Australia's big four banks are incredibly well run businesses that maintain sustainable earnings and provide investors with reliable dividend income. Shareholders, however, would be wise to consider alternative options for their hard earned money.
On most measures, Australia's big four banks are the most expensive bank stocks in the world. The behemoth of the ASX, Commonwealth Bank of Australia (ASX: CBA) is currently valued at $152 billion and trades on a price/earnings multiple of 17.4 times. This compares unfavourably with the largest U.S. banks, Wells Fargo and JP Morgan Chase, which are valued at 13.8 and 11.5 times earnings respectively. Across the Atlantic, the largest European bank, HSBC Holdings, trades at 12.9 times earnings.

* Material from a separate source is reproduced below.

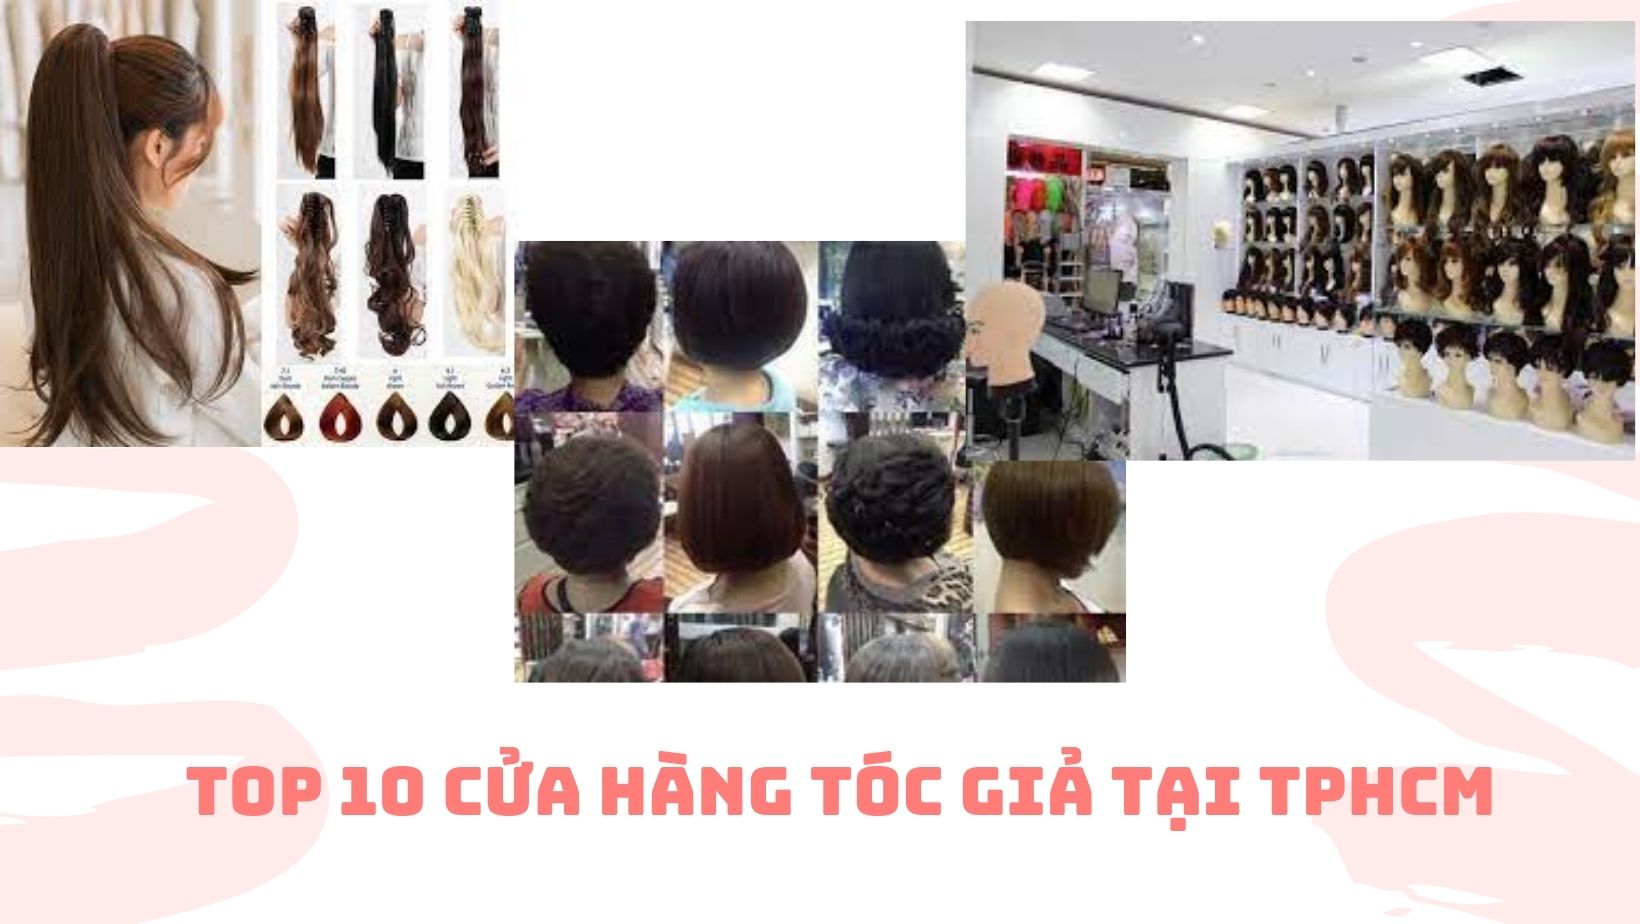 Top 10 cửa hàng tóc giả tại TPHCM

High valuations such as these are usually reserved for stocks that exhibit significant growth potential. National Australia Bank Ltd (ASX: NAB), which is valued at 18 times earnings, has struggled to grow its profits over recent years. From a cash profit of $5.46 billion in 2011, NAB has reported profits of $5.43 billion in 2012, $5.75 billion in 2013 and just $5.18 billion in 2014. Westpac Banking Corp (ASX: WBC), meanwhile, has lifted profits by just 8% over the past four years, from $6.99 billion in 2011 to $7.56 billion in 2014 — hardly enough to justify its premium valuation of 16.7 times earnings.
Profit growth amongst the banks is likely to be further constrained by any burst that may happen in Australia's bubbling housing market. The Reserve Bank of Australia recently cited the elevated house prices as one of the reasons contributing to its decision to leave interest rates on hold despite weakness in the rest of the economy.
Australia and New Zealand Banking Group (ASX: ANZ), like the other big four banks, is heavily invested in housing with over $270 billion in outstanding housing loans. Any correction in national house prices would lead to difficulties for the banks as they battled increased loan to value ratios for their existing loan books and lower levels of borrowing necessary for new home loans.
Finally, there is still uncertainty as to which of the recommendations from the recent Financial Systems Inquiry (a.k.a. the Murray report) the government will adopt and the impact of these on the banks. If forced to increase their capital levels as a method of protecting themselves against credit crunches such as the GFC, the banks return on equity would likely be hit as they reduce the proportion of lending relative to capital held.